François-Joseph Gossec et Marie-Alexandre Guénin ne possédaient pas seulement le talent de composer de la musique: ils savaient- pratique impensable aujourd'hui...- traverser sans encombres les alternances politiques.
Musicien renommé, disposant d’une autorité véritable au sein des institutions royales, grand manitou des concerts maçonniques- une particularité qui le classait parmi les piliers de l’Ancien Régime, tant il est vrai qu’en ce temps-là le Grand Orient de France était un repère d’aristocrates de très haut rang- Gossec a su devenir l’emblème de la Révolution, l’ami de l’Empire, enfin le serviteur des deux frères de Louis XVI. Une belle carrière. Guénin, plus jeune et plus prudent, suivit les méandres de la vie publique avec souplesse : il franchissait les Pyrénées quand le gros temps menaçait. Bah…Le bonhomme eut la chance de mourir dans son lit sous le règne de Louis-Philippe.

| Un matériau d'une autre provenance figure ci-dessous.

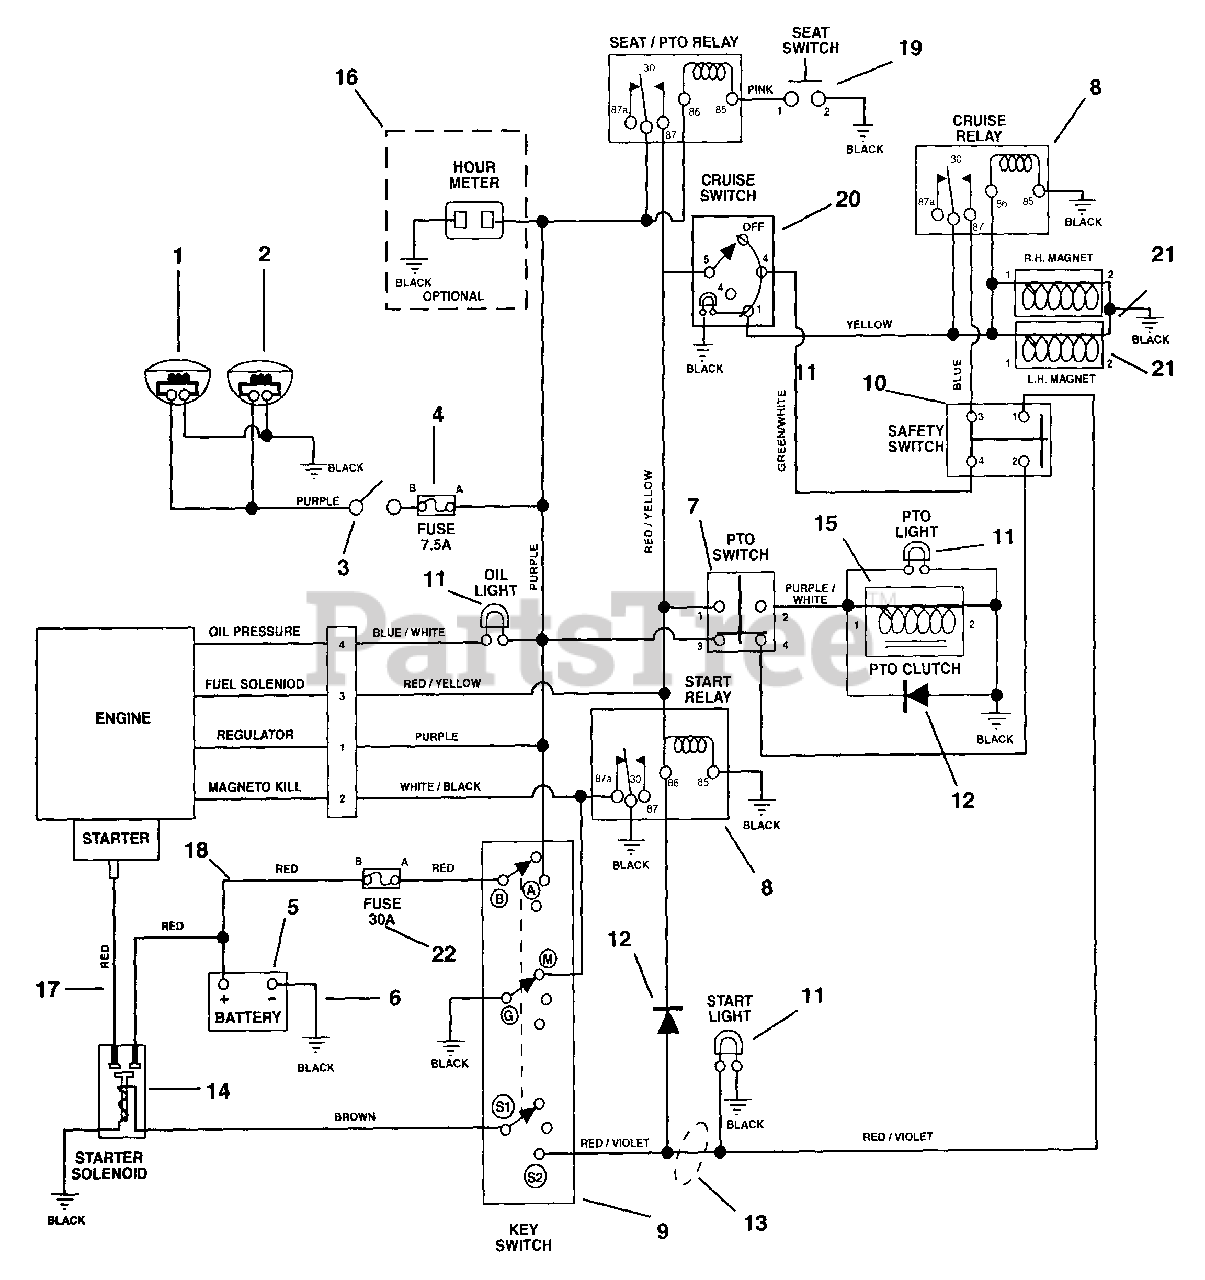 Briggs And Stratton Wiring Diagram 18 Hp from www.partstree.com
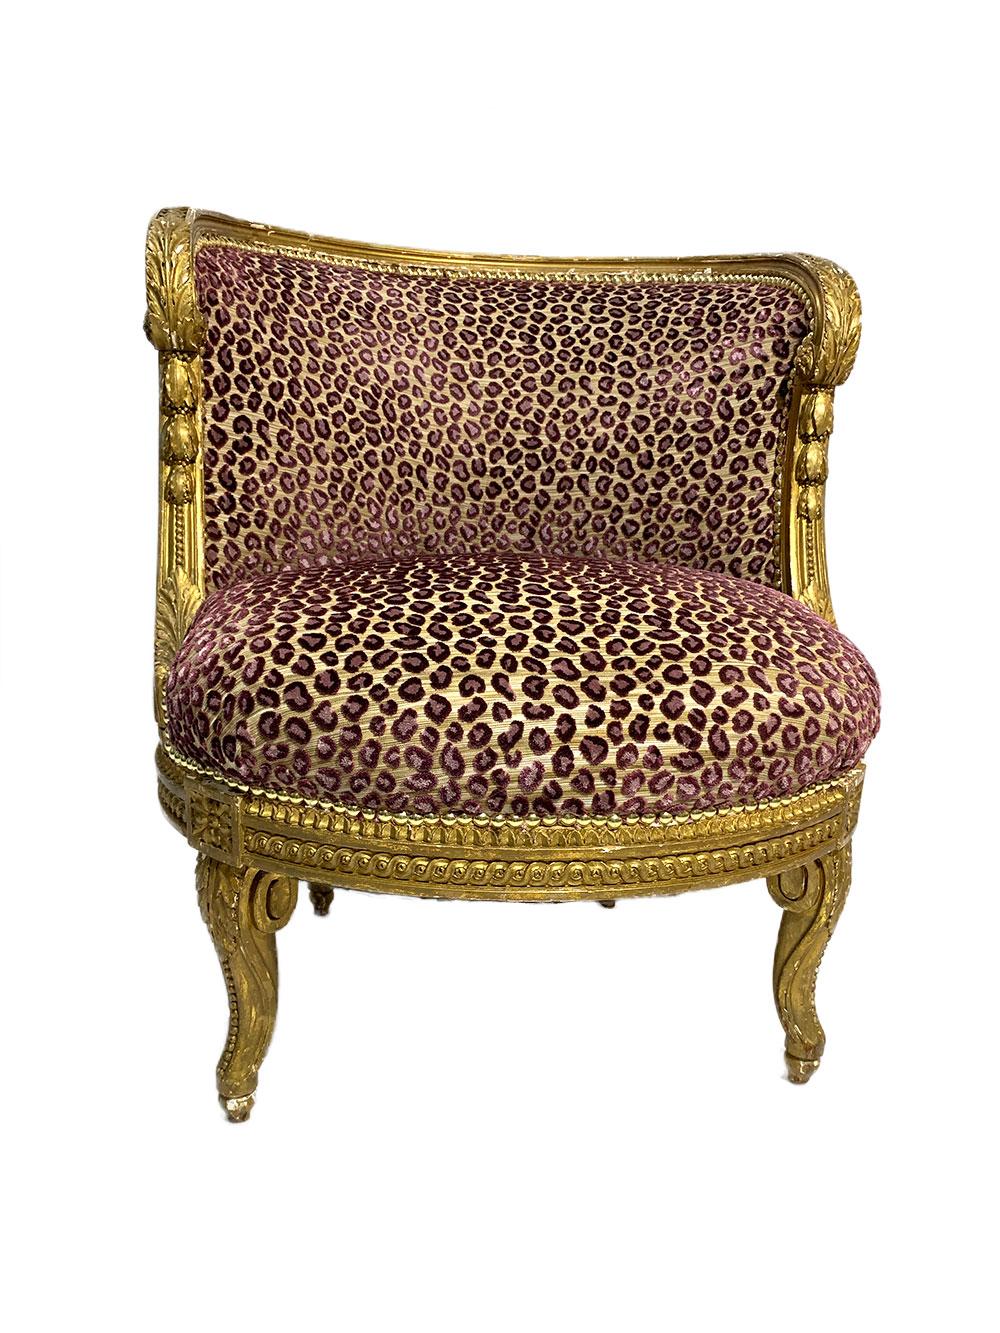 Early 20th century petite antique carved Louis XV style giltwood boudoir chair reupholstered in designer Wilde Safari purple and lavender cut velvet cheetah fabric by Colefax and Fowler framed in an authentic 100 year old distressed giltwood frame

Evidemment, rançon de leur gloire immédiate, la postérité n’a pas toujours rendu justice à ces drôles de zigs. "Après tout, pensez-vous peut-être, n'ont-ils pas mérité qu'on les oublie?" Cela reviendrait à confondre les inventions du créateur et les sinuosités de l'individu, faire primer la vie sur l'oeuvre, choisir Sainte Beuve au détriment de Marcel.
L’ensemble Hemiolia nous propose quatre sonates en trio «et avec tout l’orchestre», comme le précisent les partitions. Autant le dire, cette formation, créée en 2008 par la violoncelliste Claire Lamquet, mérite les éloges. Installé dans le Nord- Gossec et Guénin venaient tous les deux du Hainaut, voilà qui tisse des liens- ce groupe de jeunes associe le respect des convenances au désir de bousculer nos conformismes. A déguster sans retenue.
F.-J. Gossec et M.-A. Guénin : « Deux violonistes dans la tourmente révolutionnaire ». Ensemble Hemiolia. Label Eurydice.